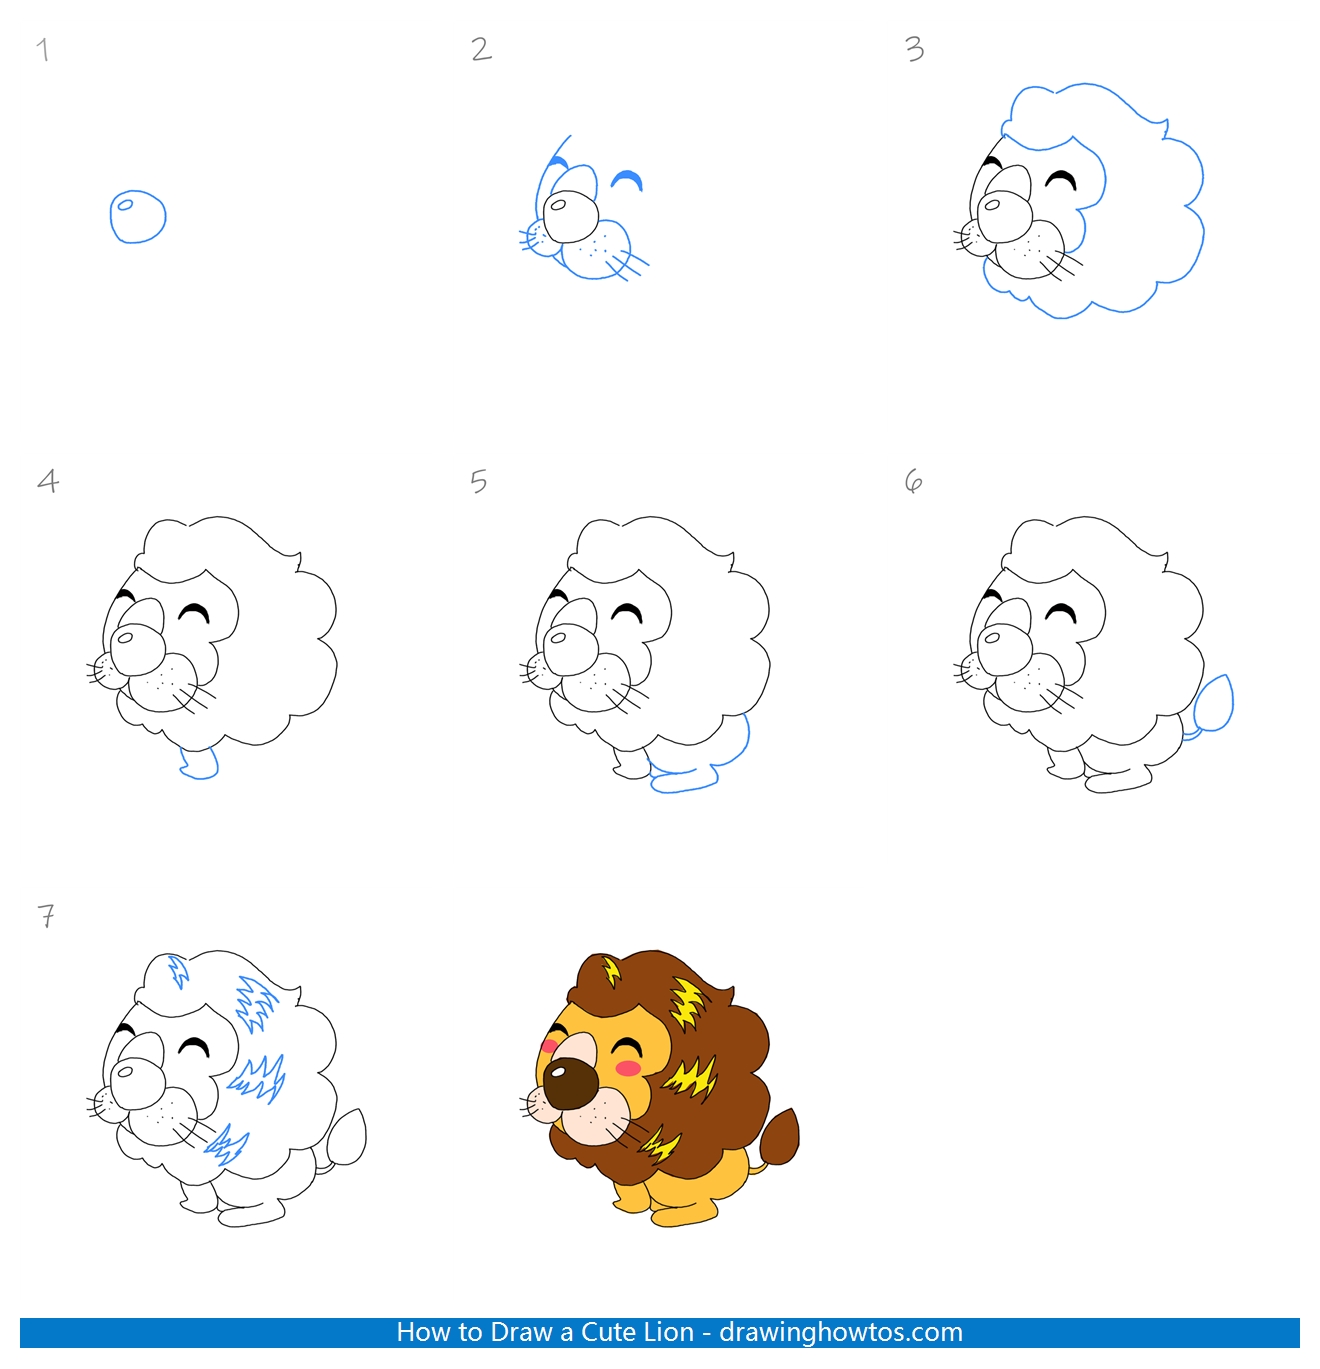 How to draw a cute lion step by step
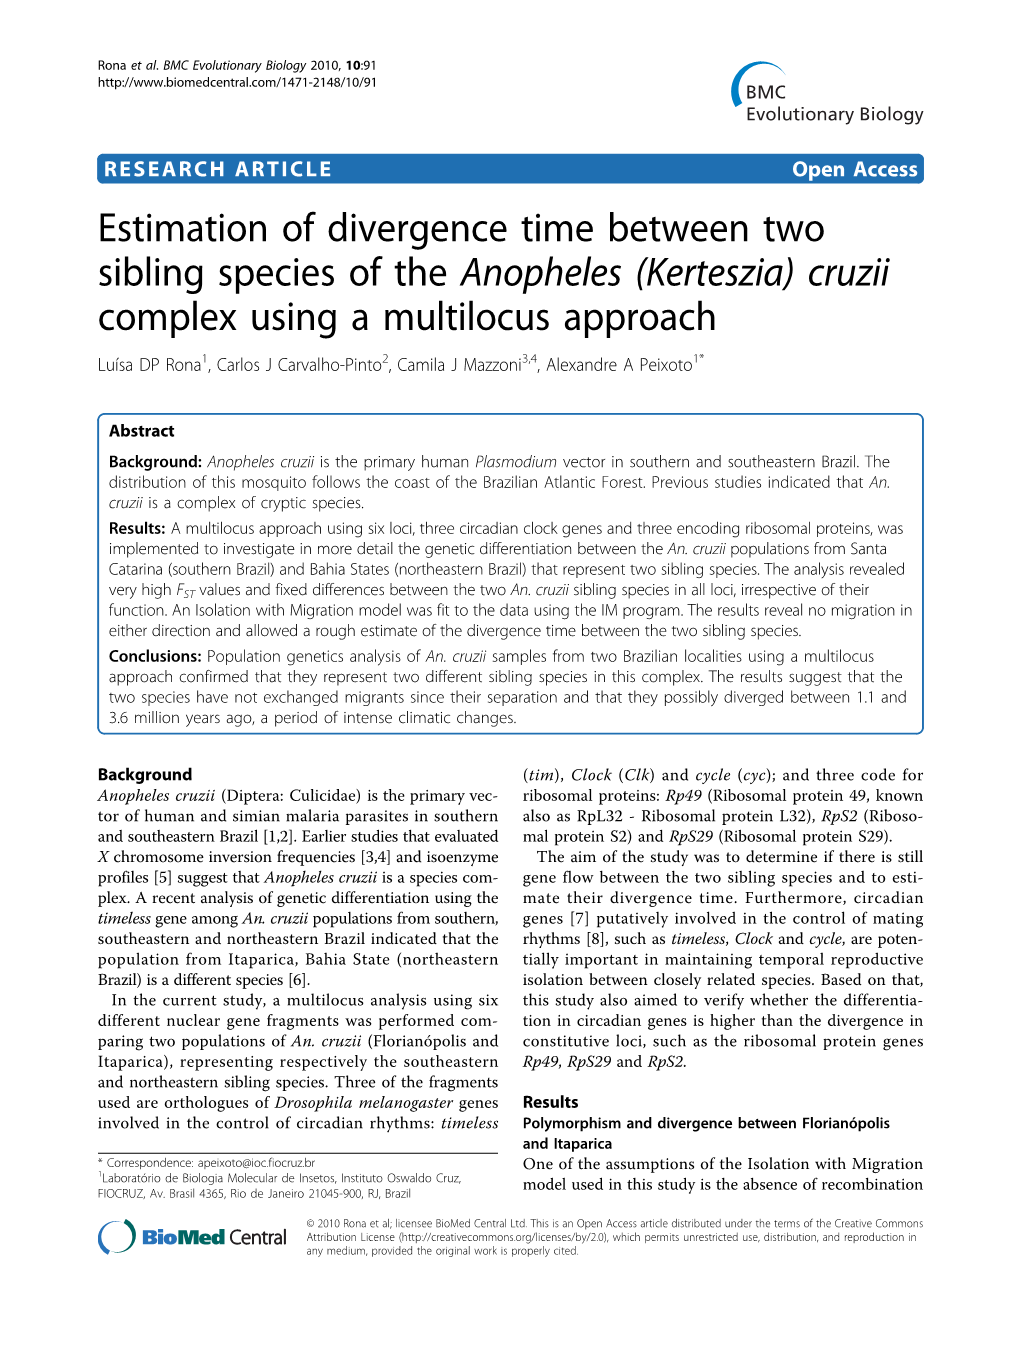 Estimation of Divergence Time Between Two Sibling Species of The
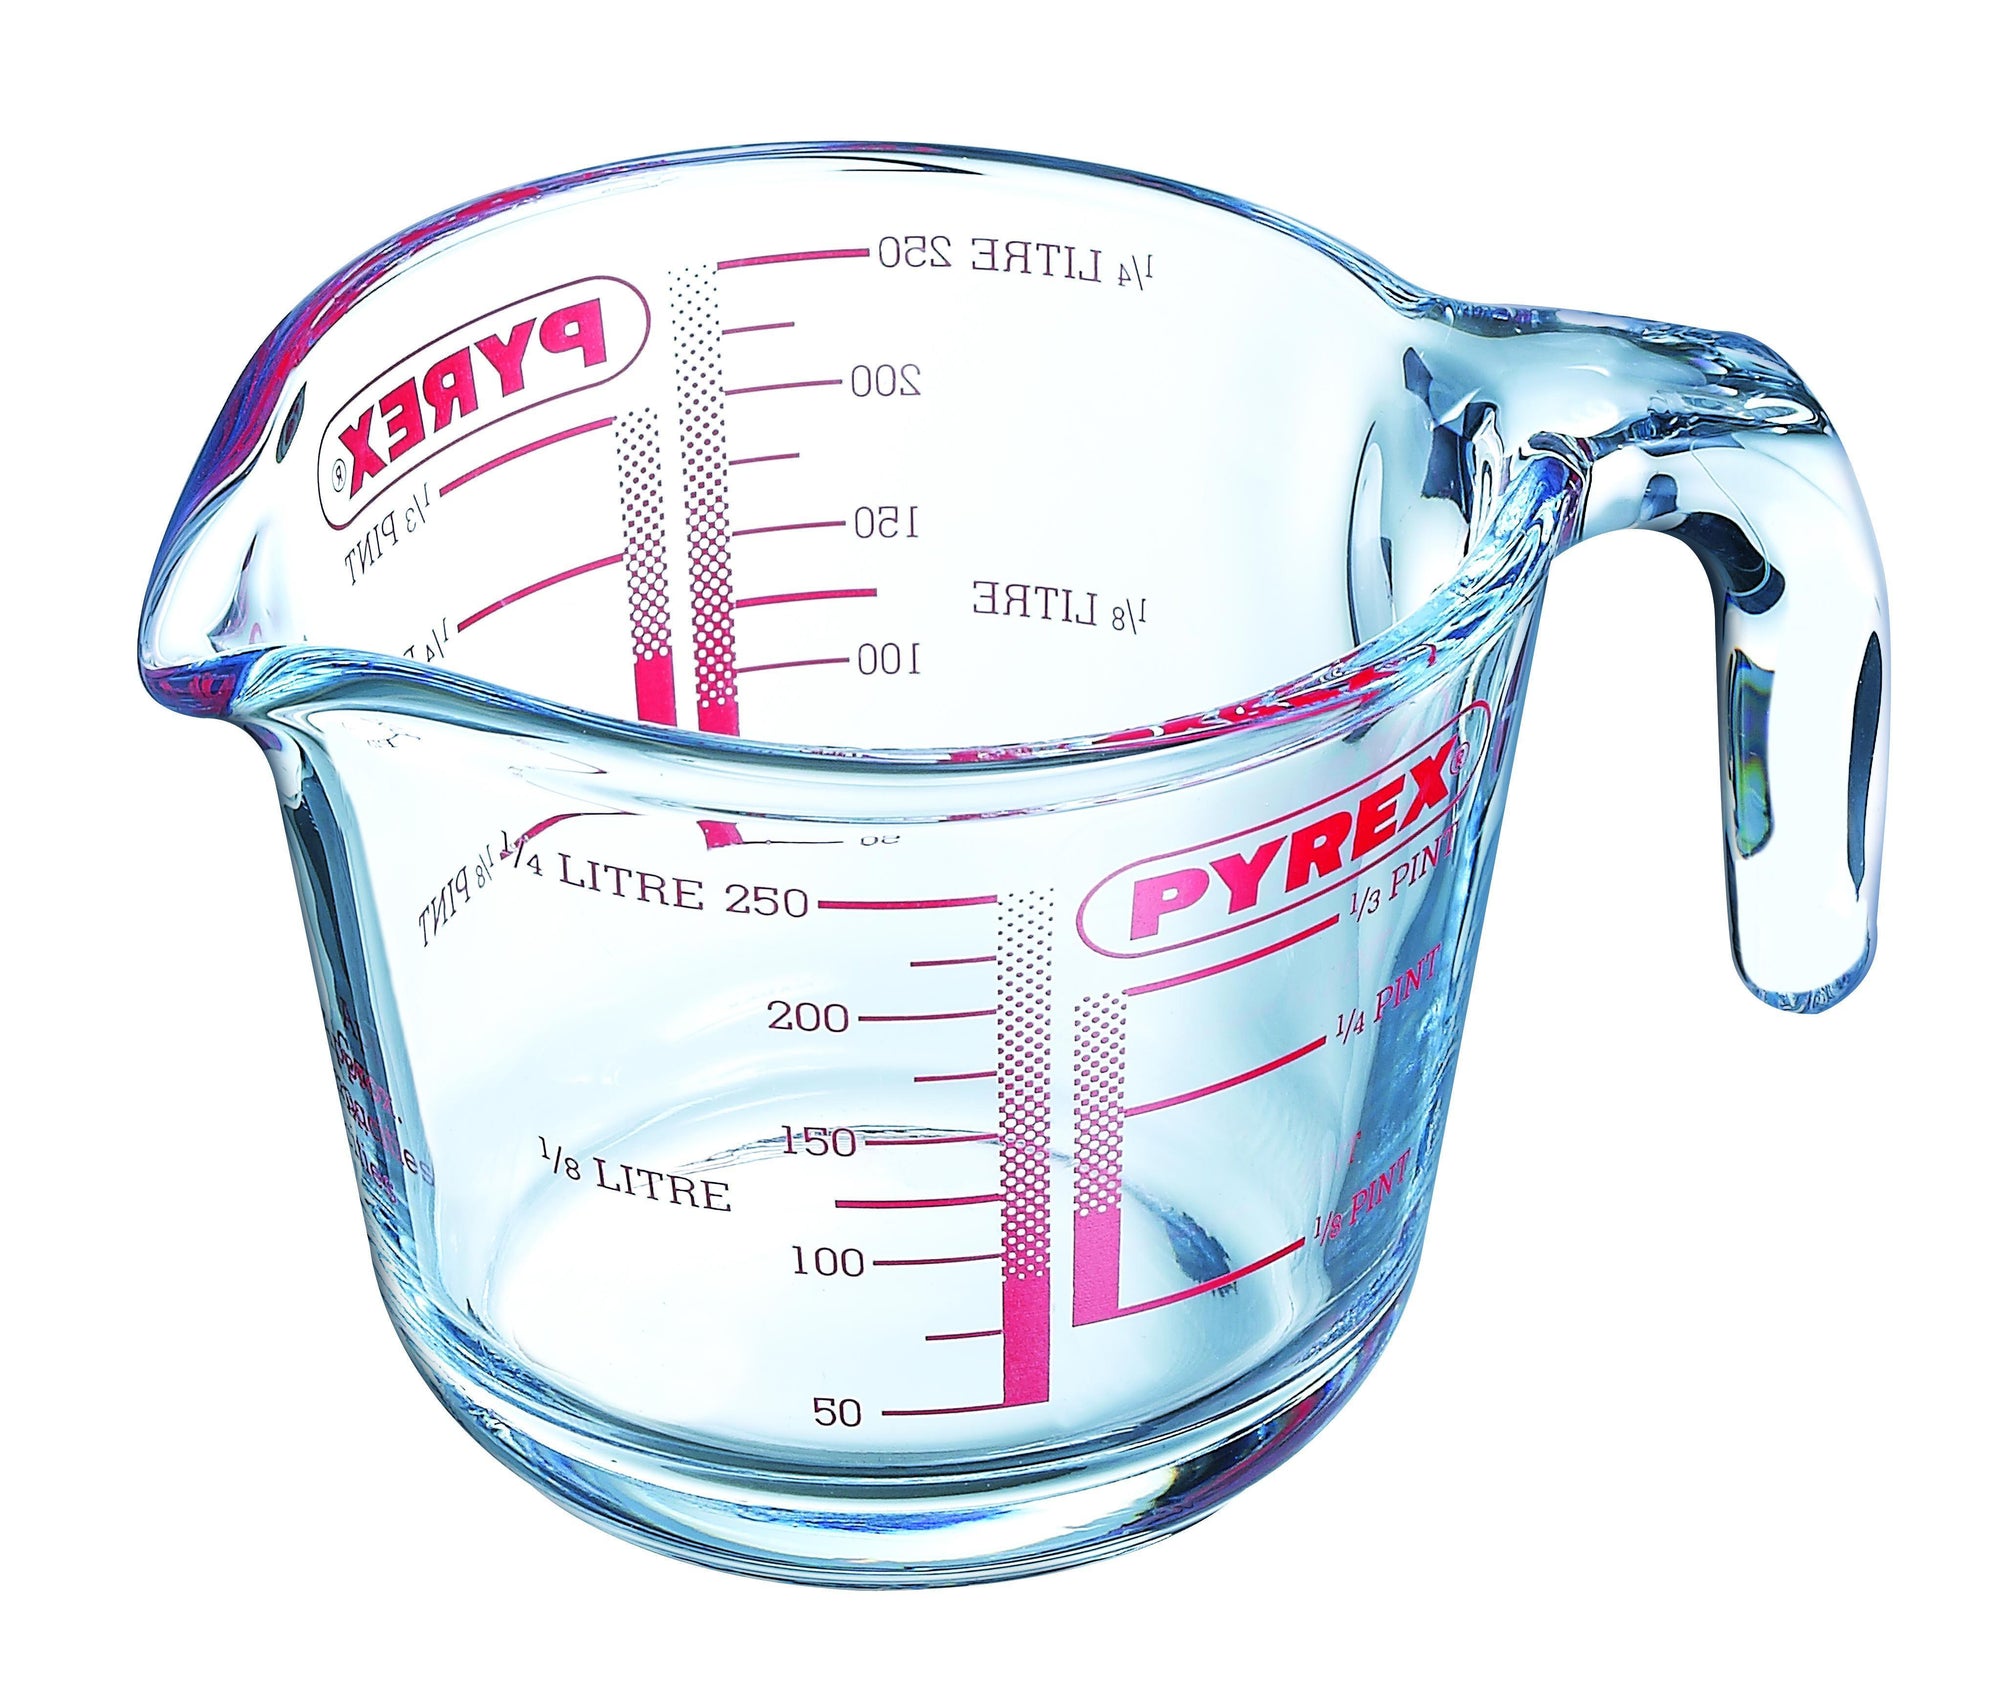 Pyrex 2 Cups/1/2 Liter Glass Measuring Cup Made in USA

==========

Each line of the material is to be output exactly. Images are not part of the expected output.

 How to draw a cute lion step by step
 Estimation of Divergence Time Between Two Sibling Species of The
 Pyrex 2 Cups/1/2 Liter Glass Measuring Cup Made in USA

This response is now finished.